▸ **EXERCISE DIRECTIONS**
Write each line below back out exactly, omitting its pictures.

▸ **DATA**
—————

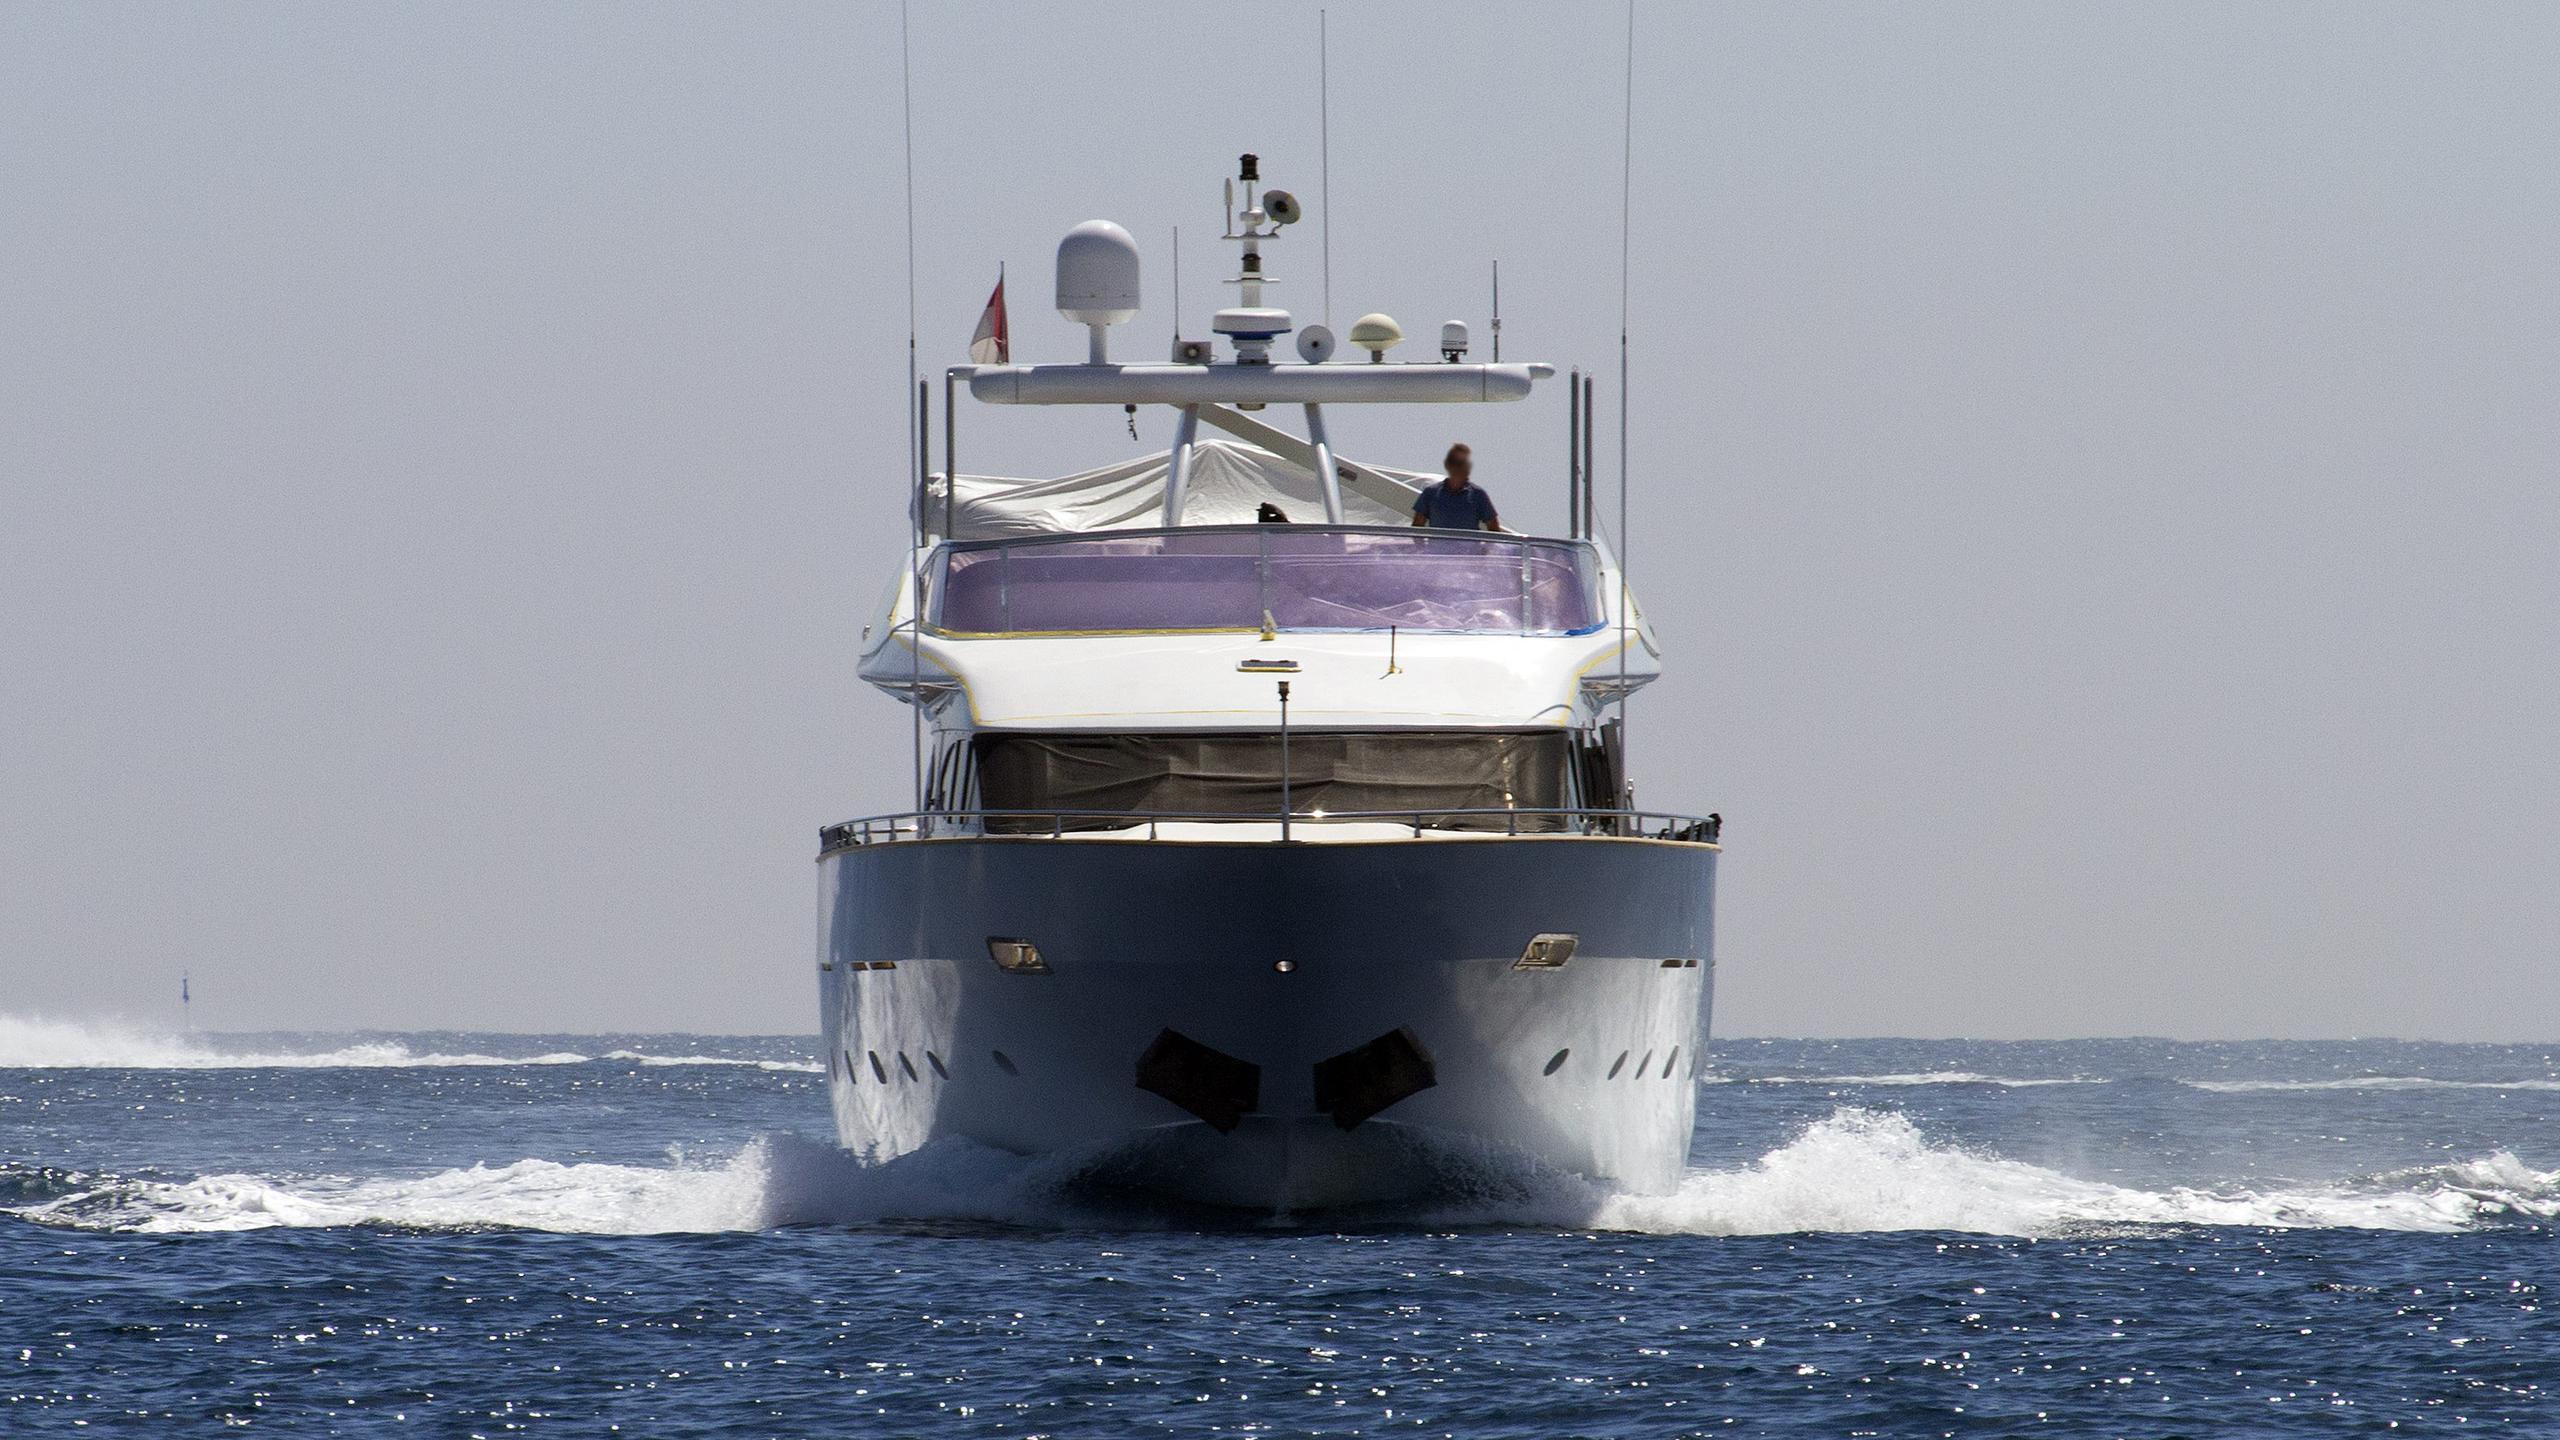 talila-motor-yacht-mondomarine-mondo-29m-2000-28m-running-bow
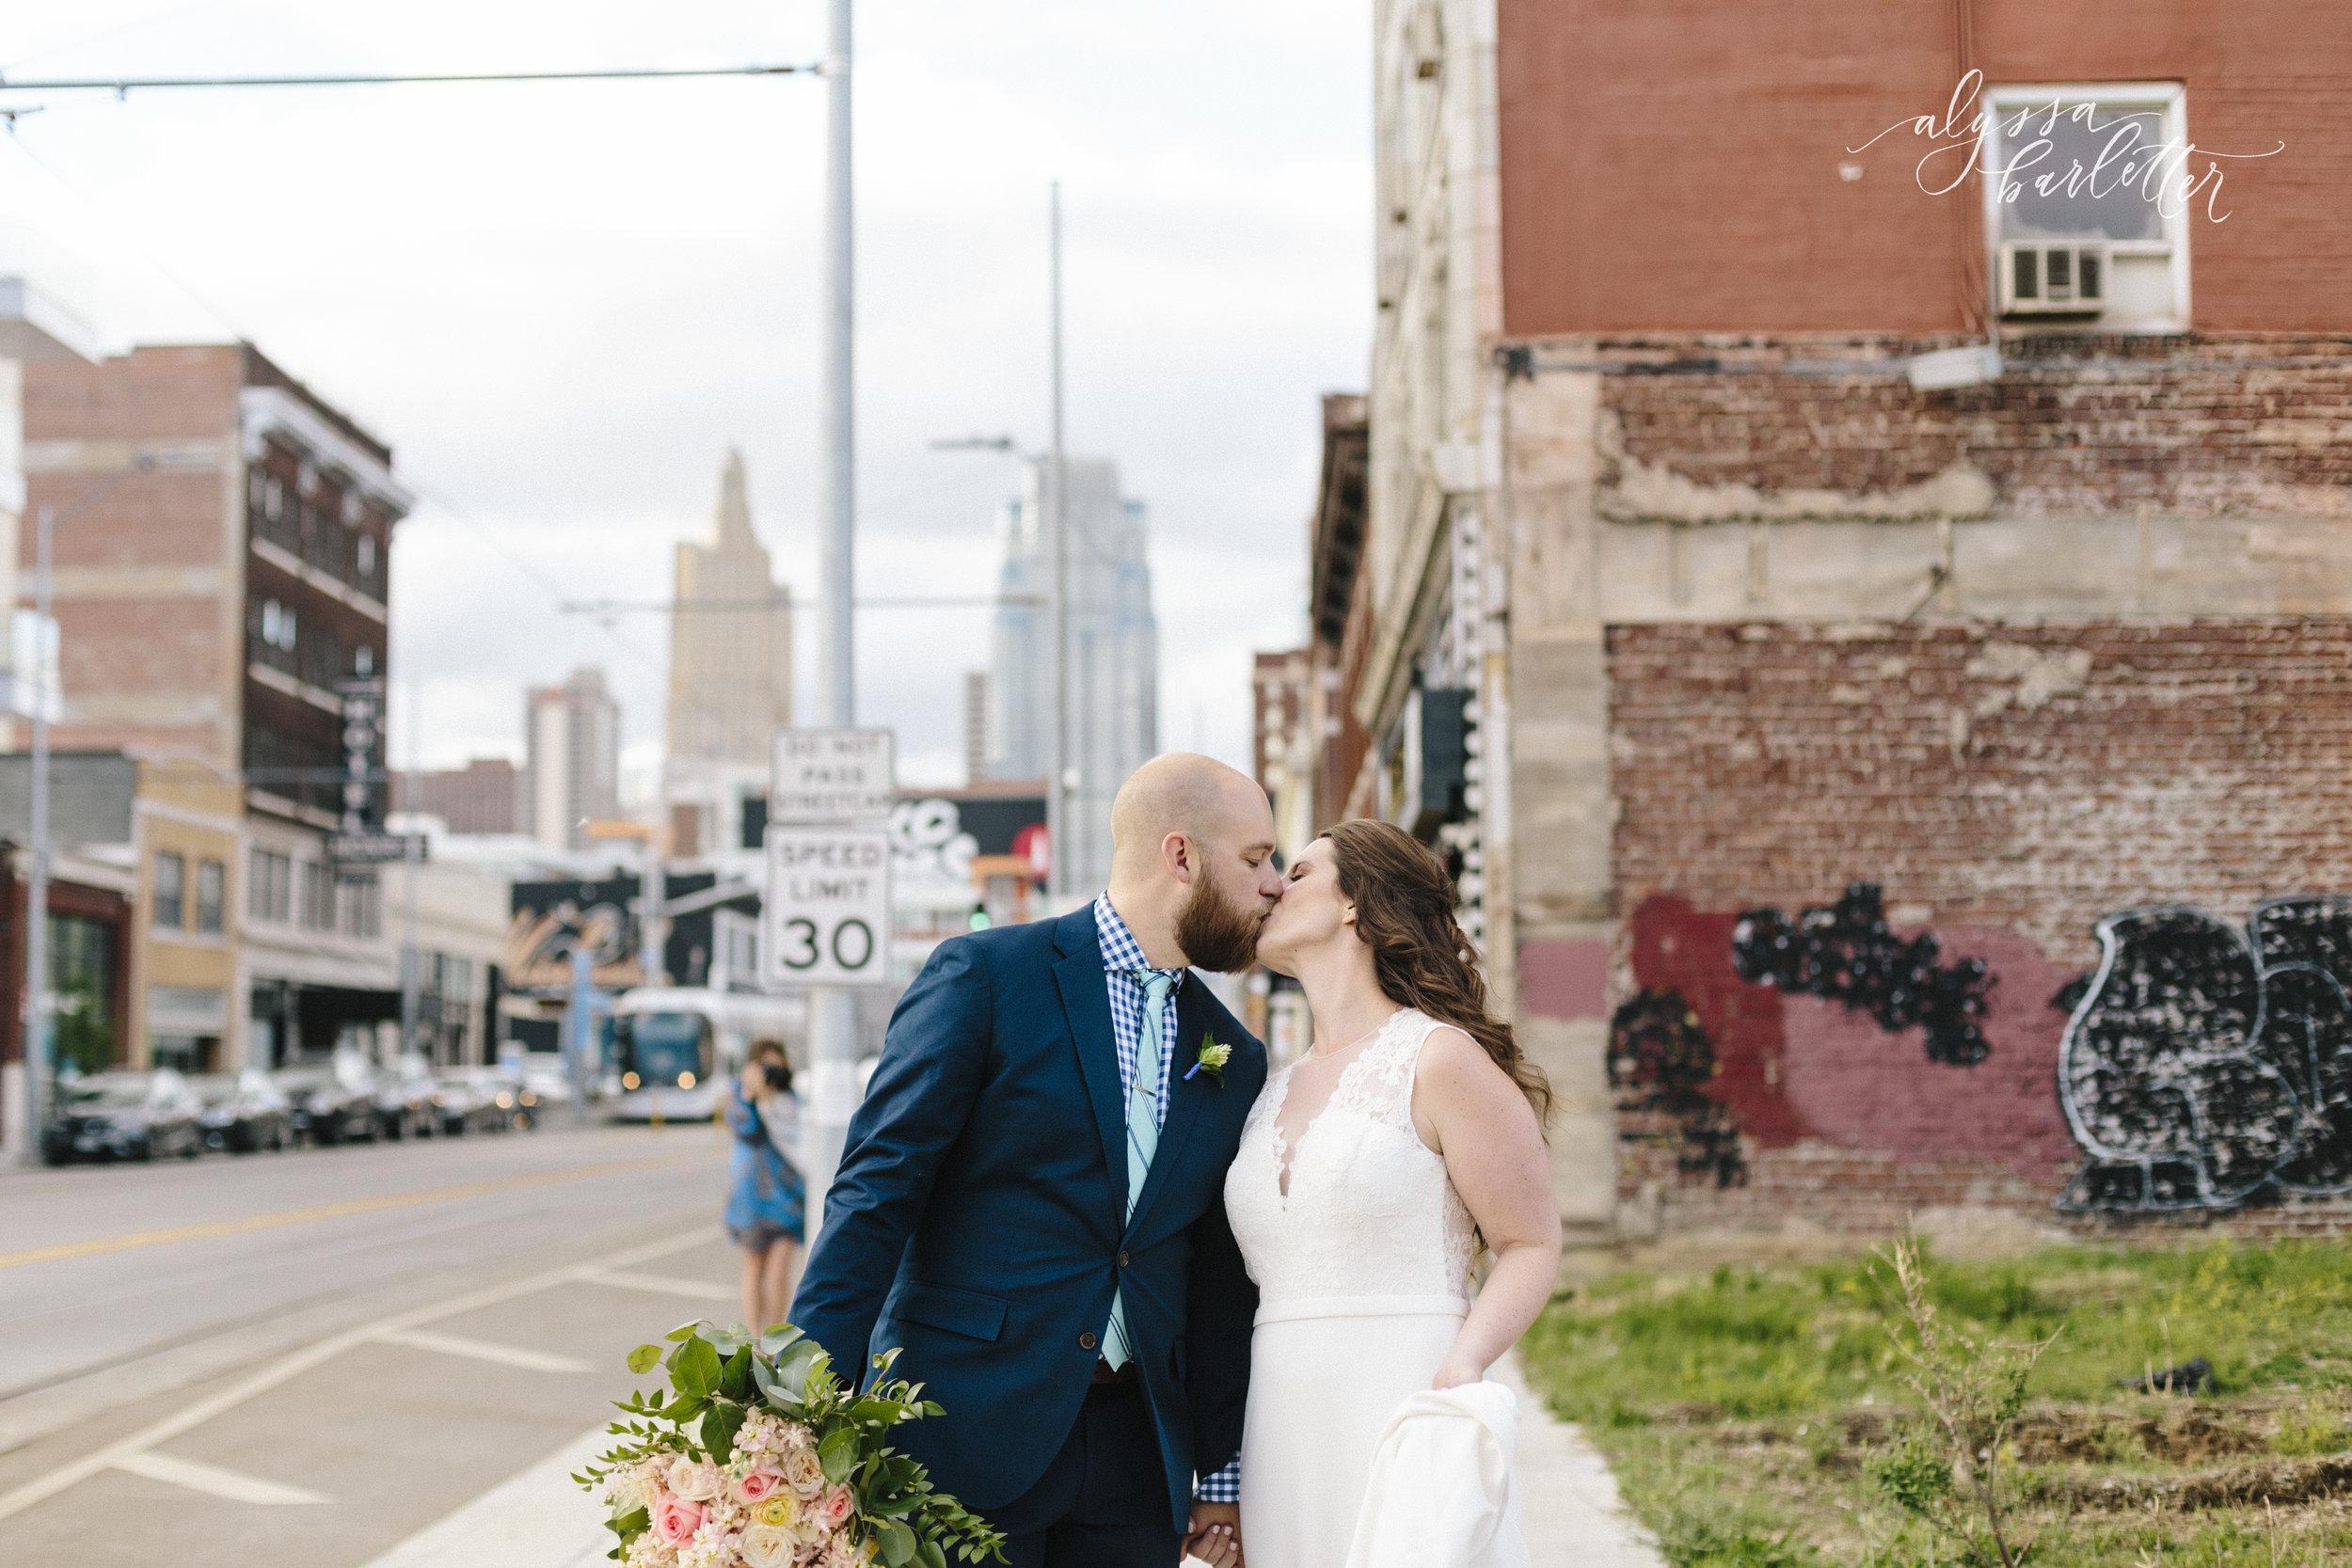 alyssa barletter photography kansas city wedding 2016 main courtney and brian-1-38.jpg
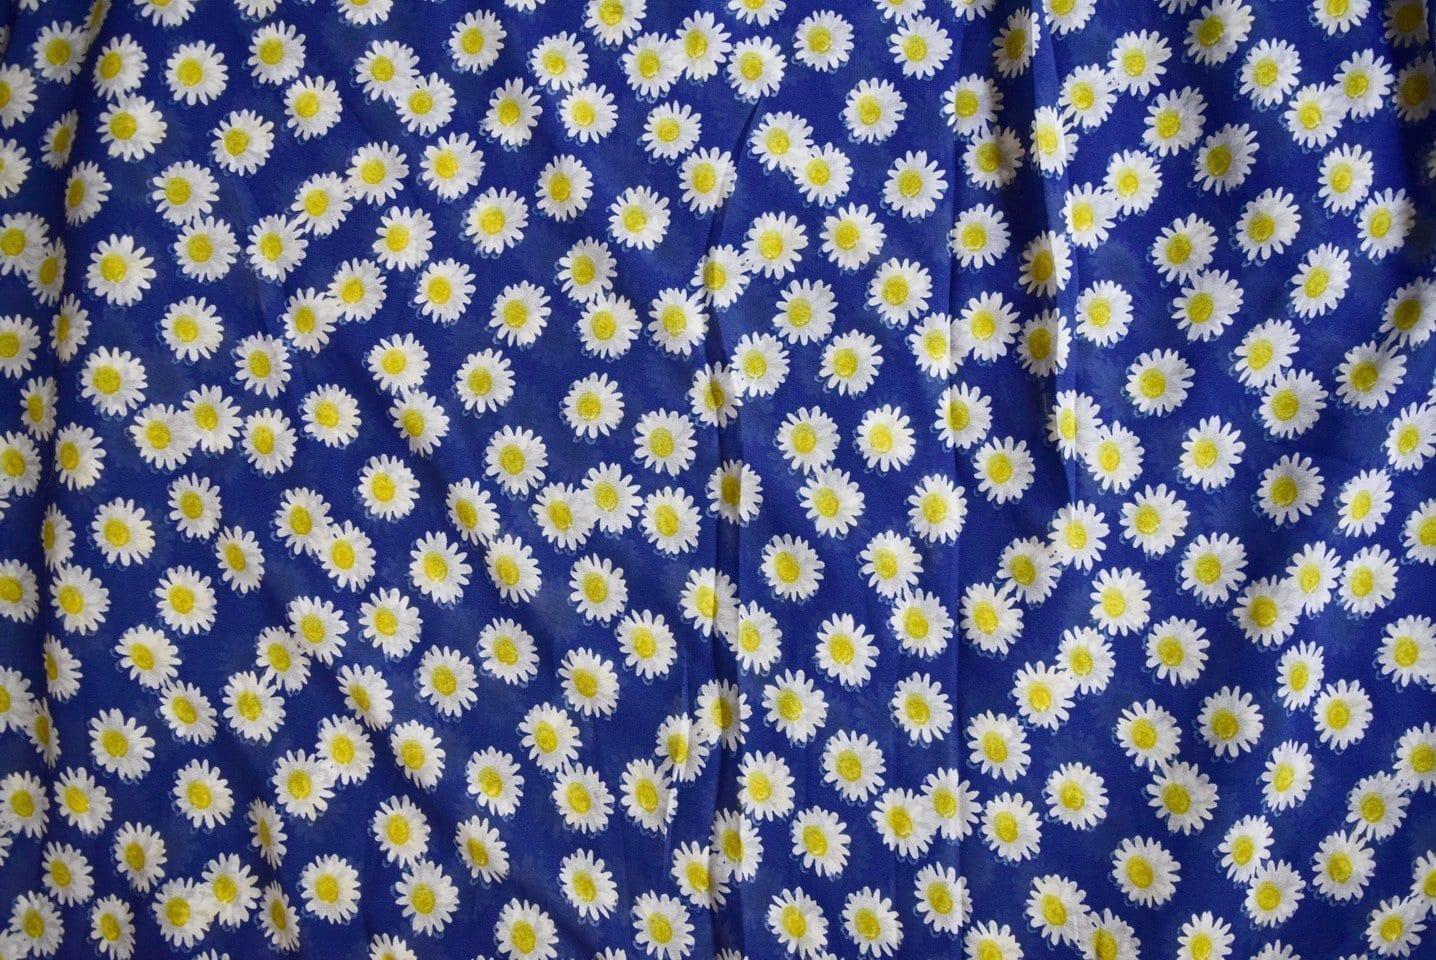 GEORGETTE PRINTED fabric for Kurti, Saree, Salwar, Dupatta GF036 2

—————

▸ **COMPLETED TASK**
 talila-motor-yacht-mondomarine-mondo-29m-2000-28m-running-bow
 alyssa barletter photography kansas city wedding 2016 main courtney and brian-1-38.jpg
 GEORGETTE PRINTED fabric for Kurti, Saree, Salwar, Dupatta GF036 2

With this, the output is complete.